Well, based on all of your feedback, it sounds like there is no one simple answer:

I could:
- increase the number of feedings/day as all fry may not be eating
- change the water daily instead of weekly
- add/change the diet to: Hikari first bites, daphnia, or NLS 1MM sinking pellets
- reduce the amount of food at one feeding
- strip the pregnant fish earlier or later
- increase the water current along the side of the net boxes
- although the butterfly plecos keep the outside walls of the net box clean, I could wipe down the inside walls of the net box to increase water exchange
- the best solution sounds like I should keep the fry in the net box for the 1st couple of weeks, then when they get bigger, I should put them in a larger fry bare-bottom grow-out tank (20 gallons or above). My 100+ fry have been in the net boxes for 4 months now and are growing at a very slow rate - the oldest fry are only 3/4" long! (Yes, you can yell at me now - lol). I understand now that they should have been in a separate tank a long time ago.

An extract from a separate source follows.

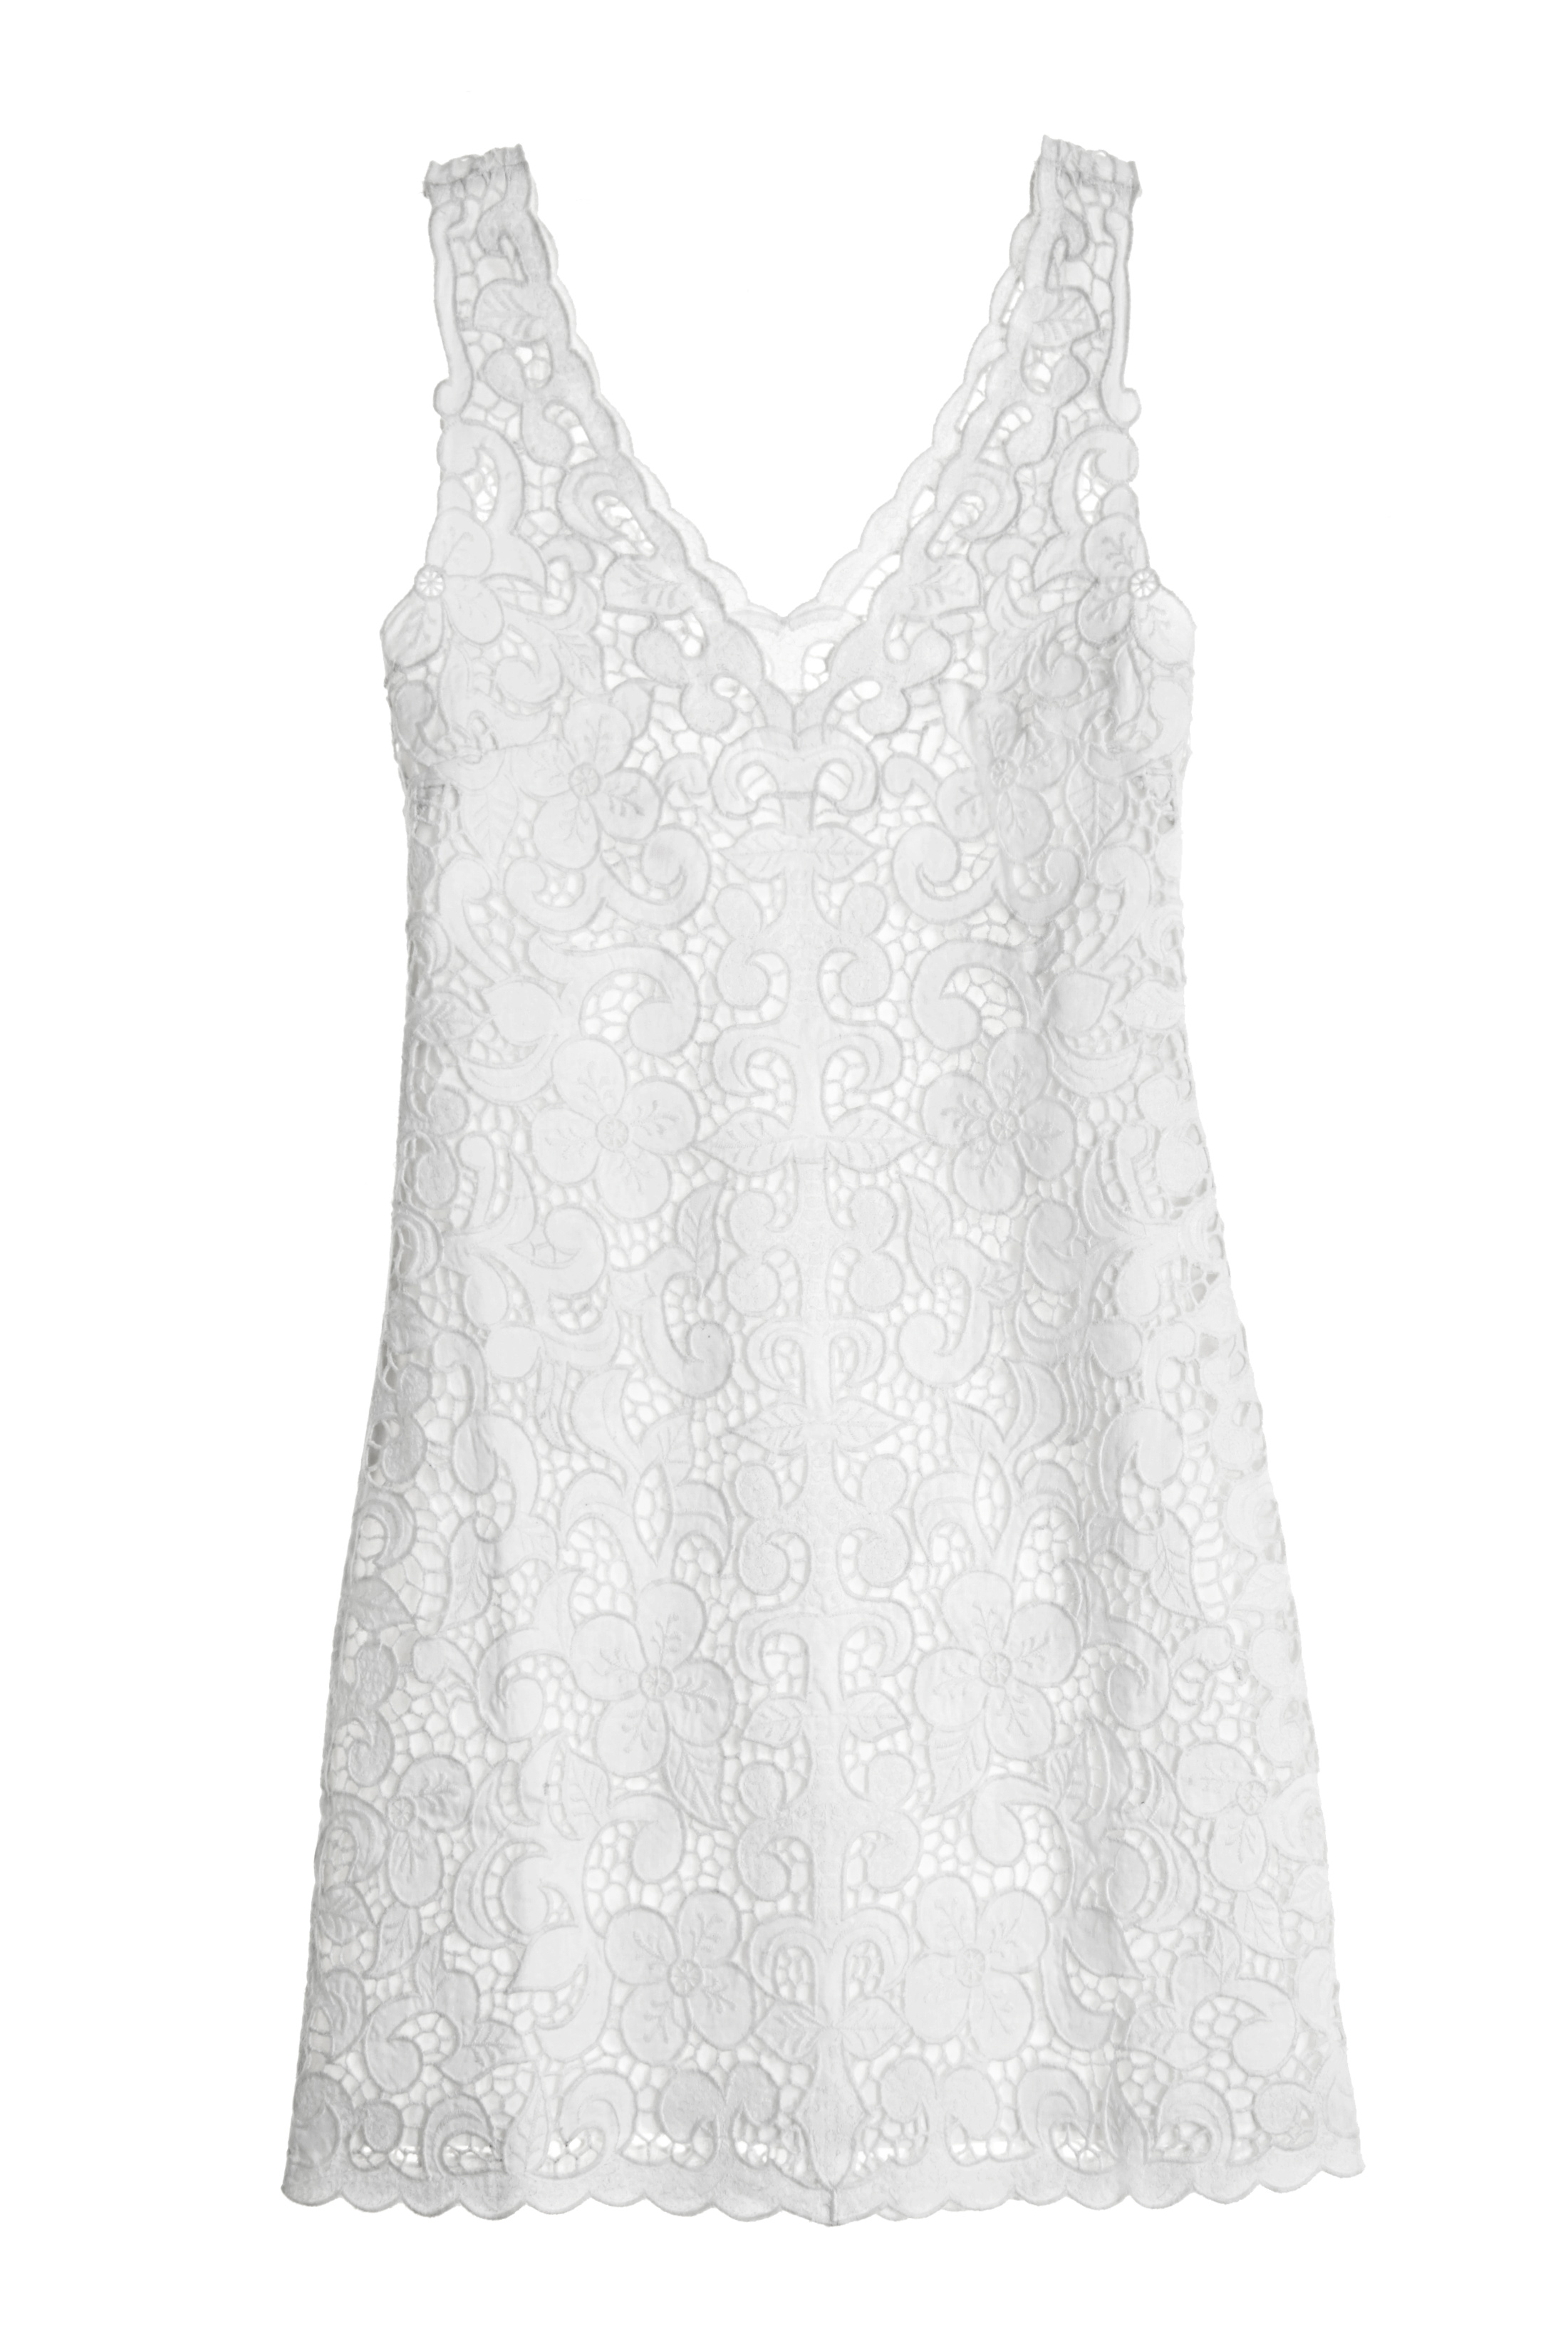 calypso-st-barth-bridal-kagami-dress-0315.jpg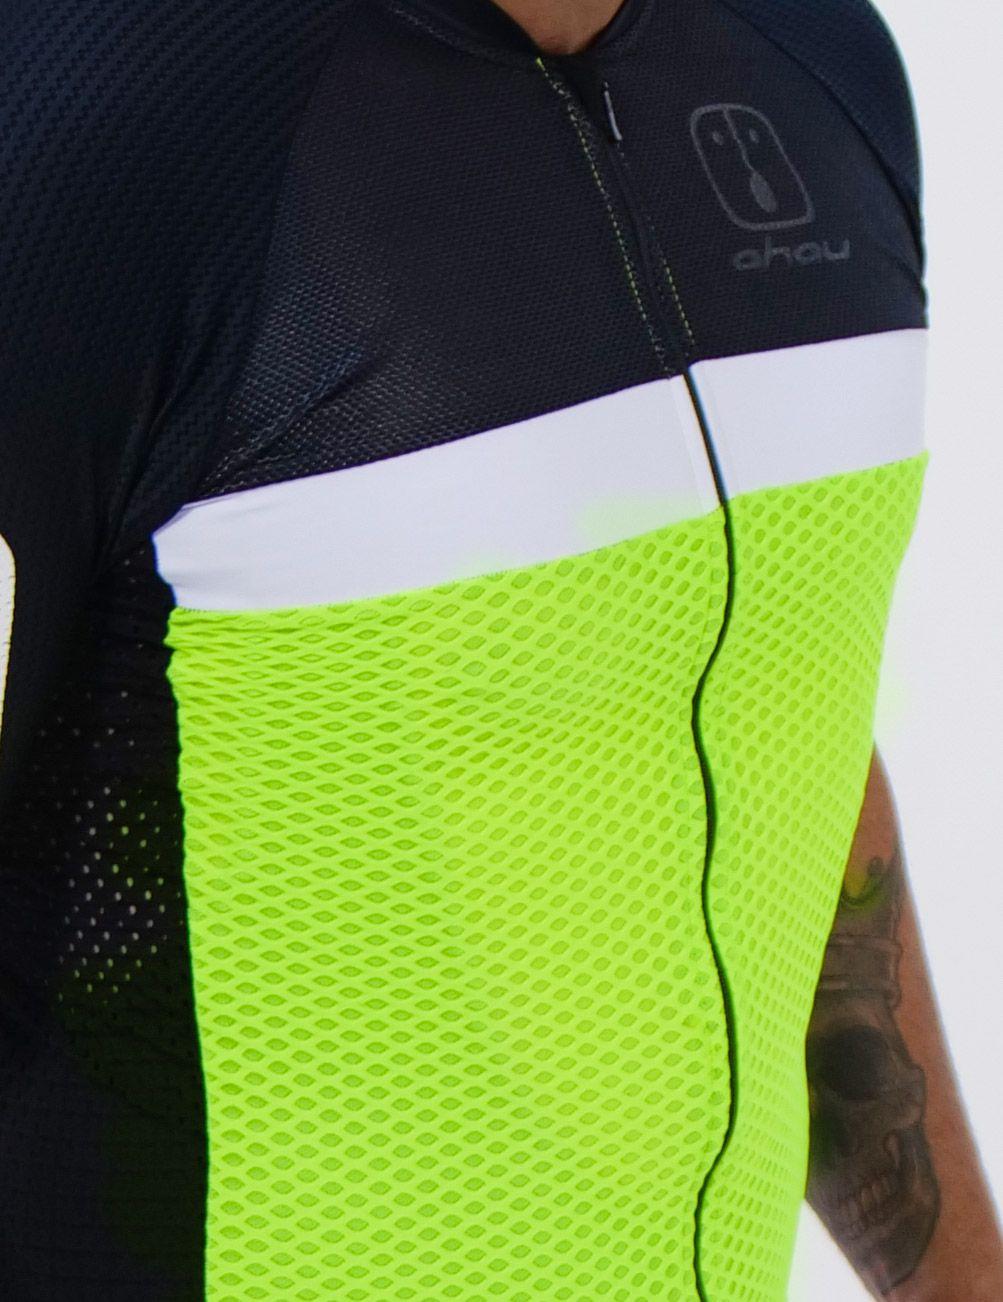 Camisa Ciclismo Label Neon SKIN - Feminina

I will definitely try these suggestions and let you know what happens. Thank you again. 

John


----------



## cichlidaholic (Dec 7, 2005)

> - the best solution sounds like I should keep the fry in the net box for the 1st couple of weeks, then when they get bigger, I should put them in a larger fry bare-bottom grow-out tank (20 gallons or above). My 100+ fry have been in the net boxes for 4 months now and are growing at a very slow rate - the oldest fry are only 3/4" long! (Yes, you can yell at me now - lol). I understand now that they should have been in a separate tank a long time ago.


I'm not sure why you feel the need to use the breeder nets at all. Breeder nets are okay for small holding moms (you aren't feeding them) and for sick or questionably sick fish.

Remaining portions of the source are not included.